Ледяная глыба внутри Джима начала таять — он сам начал таять, как айсберг. Талая вода залила ему глаза, уши и горло, стульчик уплыл из-под него, и только сильное плечо Дитрикса удержало его на плаву. Потом мягкие ладони лорда Райвенна легли ему на щёки, рука Криара в белой перчатке поднесла к его губам стакан воды.
— Ты не один, дитя моё, мы все с тобой. — На седом виске лорда Райвенна билась голубая жилка.
— Мужайтесь, мой ангел. — Губы Дитрикса прильнули к щеке Джима. — Скорблю вместе с вами. Он просил меня, если с ним что-то случится, лично сообщить вам об этом и поцеловать вас за него… Увы, мне приходится исполнять его просьбу. — И твёрдые губы Дитрикса прижались к щеке Джима.
Руки лорда Райвенна сомкнулись вокруг Джима тёплым кольцом, и даже если бы Джим захотел, он не смог бы из него вырваться. Дитрикс между тем, заглянув в кроватку, заулыбался, и мрачная тень под его бровями рассеялась, в голосе зазвучало тепло и нежность.
— Ах ты, моя прелесть! Ты моё чудо!
Илидор даже не пискнул, оказавшись прижатым к его мундиру. Дитрикс обращался с ребёнком умело и ласково, и в его сильных руках малыш был спокоен, только удивлённо таращил глазки.
— Не бойся, мой хороший, — проговорил Дитрикс, прижимая его к груди и целуя в лобик.

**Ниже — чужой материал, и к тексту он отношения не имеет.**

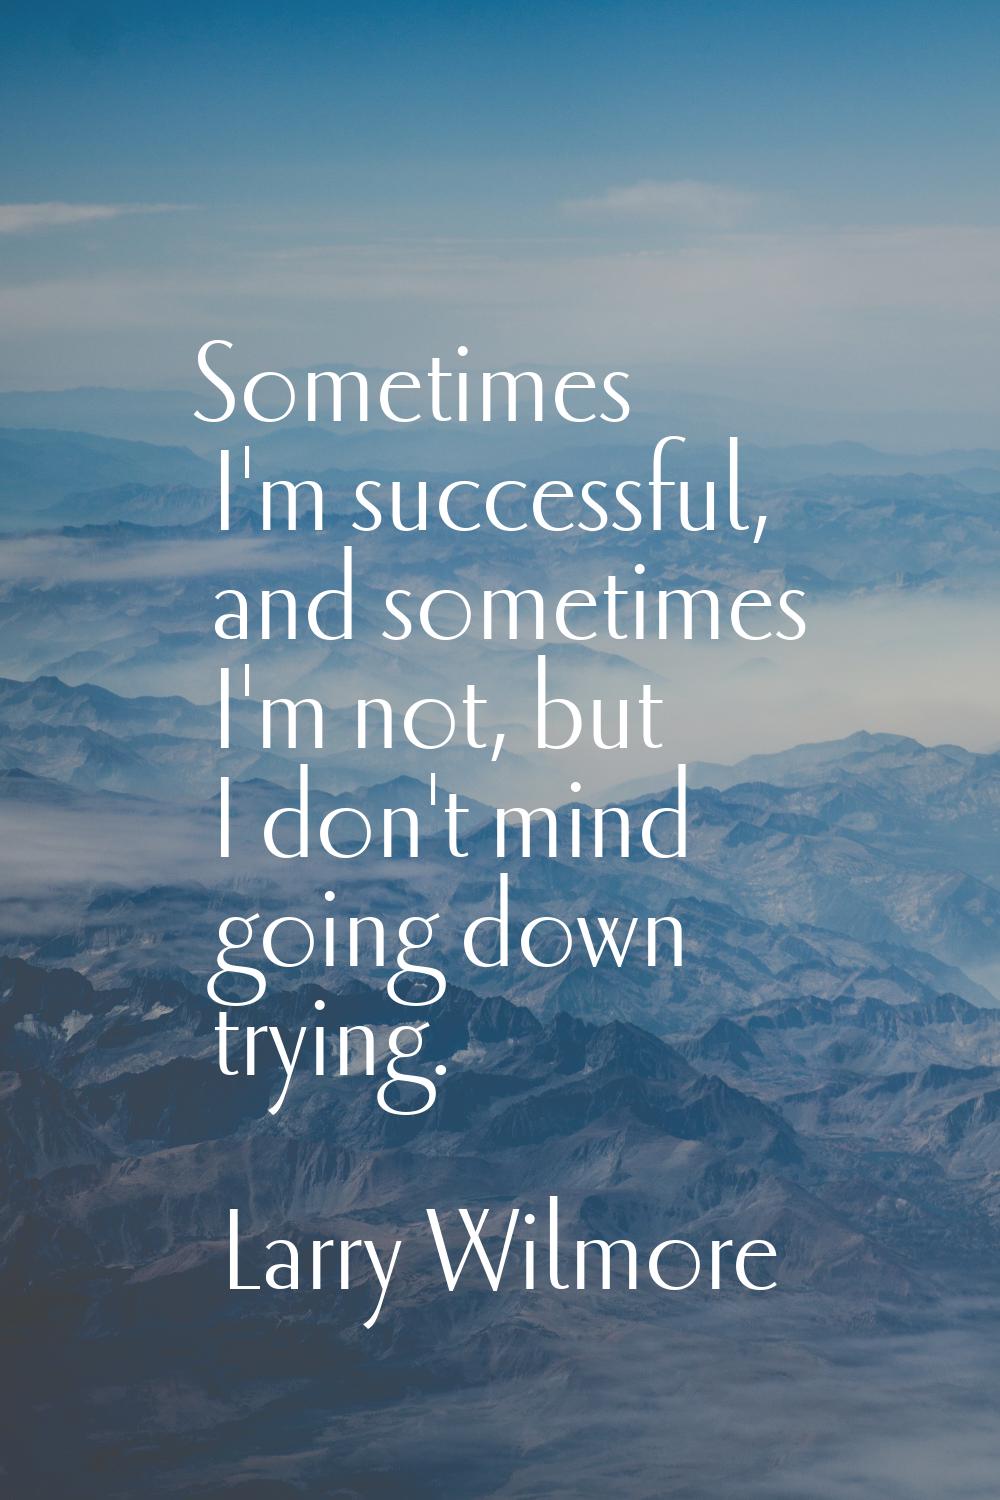 Sometimes I'm successful, and sometimes I'm not, but I don't mind going down trying.

Илидор и не боялся. Он с любопытством разглядывал ордена на груди Дитрикса и схватился ручкой за один. Криар строго сказал:
— Нельзя, господин Илидор!
— Ничего, пусть, — улыбнулся Дитрикс.
Утро было по-прежнему полно густого розового солнца и льдистого блеска инея, воздух был холоден и свеж. Шаги Дитрикса гулко отдавались в промёрзших плитках дорожки, голенища сапог поблёскивали, а голову покрывала чёрная пилотка с золотым кантом. Розовое солнце блестело на его кокарде. Джим провожал его до флаера: так велел ему лорд Райвенн. Нежно поцеловав Джима в лоб, он сказал: "Проводи майора Дитмара".
— Ну, как вы, Джим? — спросил Дитрикс. — Вам лучше?

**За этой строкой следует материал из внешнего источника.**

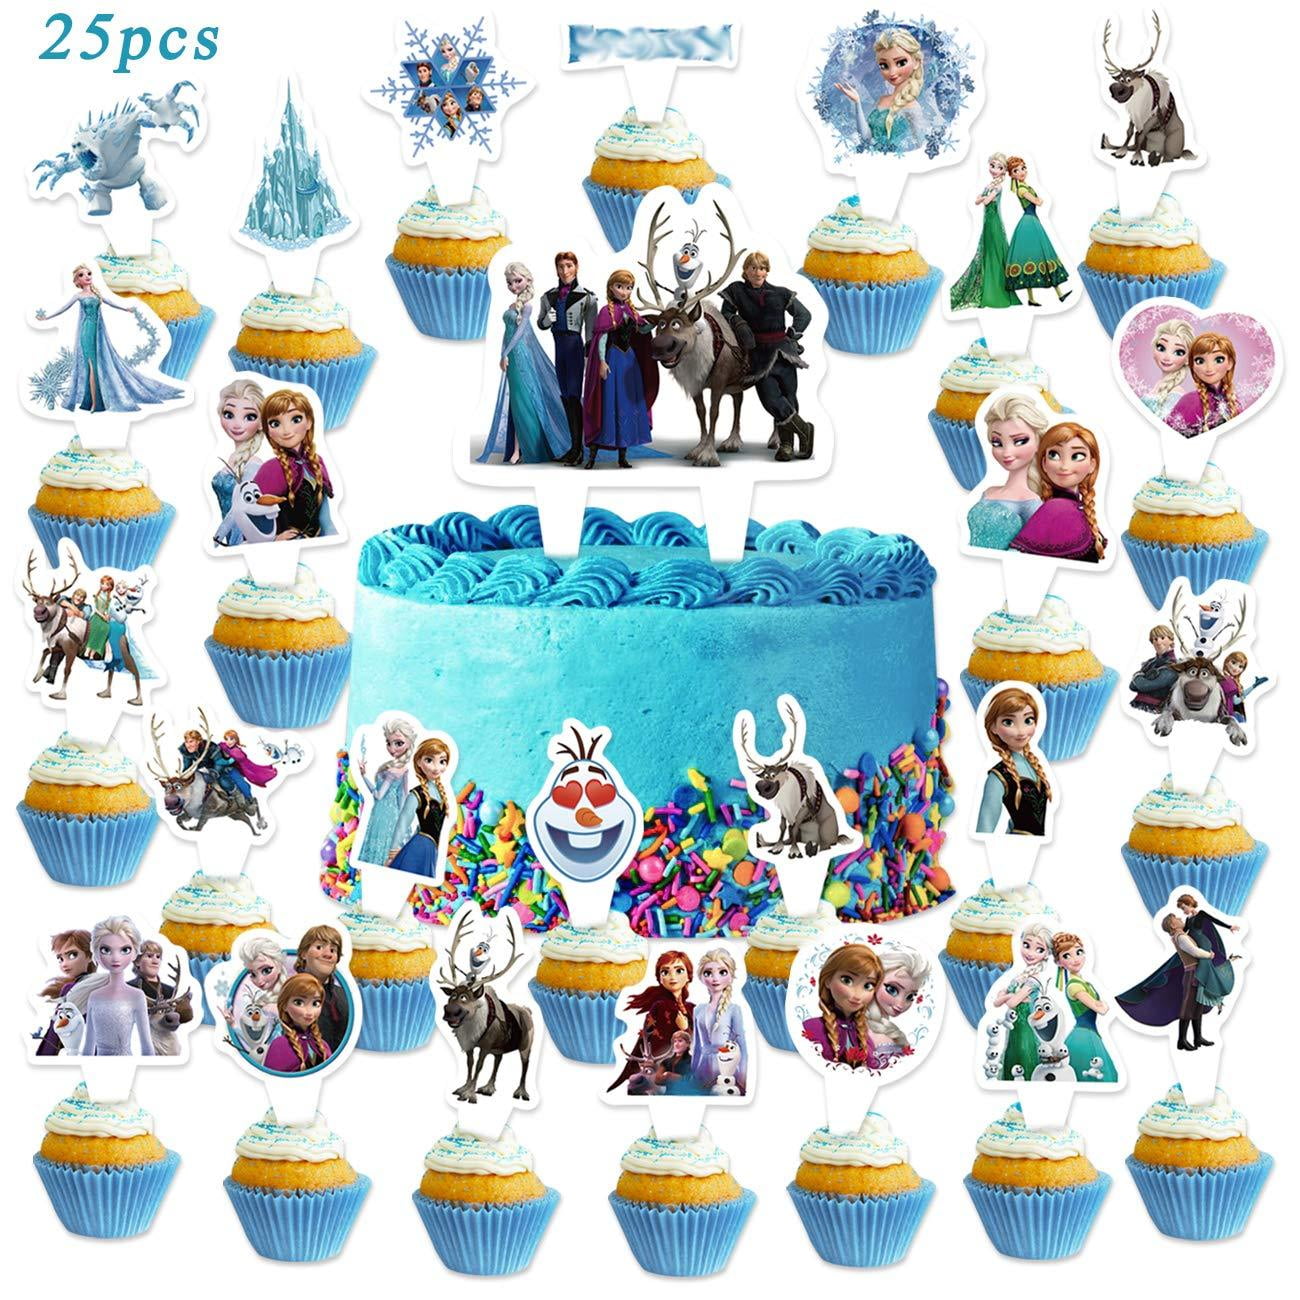 25pcs Disne_y Princess Cake Toppers Princess Cupcake Topper for Girls Happy Birthday Party Decorations Supplies

— Да, спасибо, — проронил Джим. — Немного.
Его озябшую руку в шёлковой перчатке ласково накрыла тёплая рука Дитрикса — без перчатки. Рядом с ним Джиму было не так страшно думать о чемоданчике и коробочках с медалями, о чёрном свёртке с флагом.
— Держитесь, Джим, держитесь… Это страшная потеря для вас, но всё-таки позвольте вам сказать, что жизнь не закончена… Вы ещё молоды, у вас всё будет. Вы чудо, вы ангел, вы достойны всего самого лучшего, и оно к вам придёт, будьте уверены. Поверьте, Фалкон хотел бы, чтобы вы продолжали жить и были счастливы.
— Этого хотел бы он, или вы сами так думаете? — спросил Джим зачем-то.
Дитрикса этот вопрос то ли привёл в замешательство, то ли удивил. Но он нашёлся.
— Всякий разумный человек этого хотел бы, глядя на вас, — сказал он. — Не только я или он.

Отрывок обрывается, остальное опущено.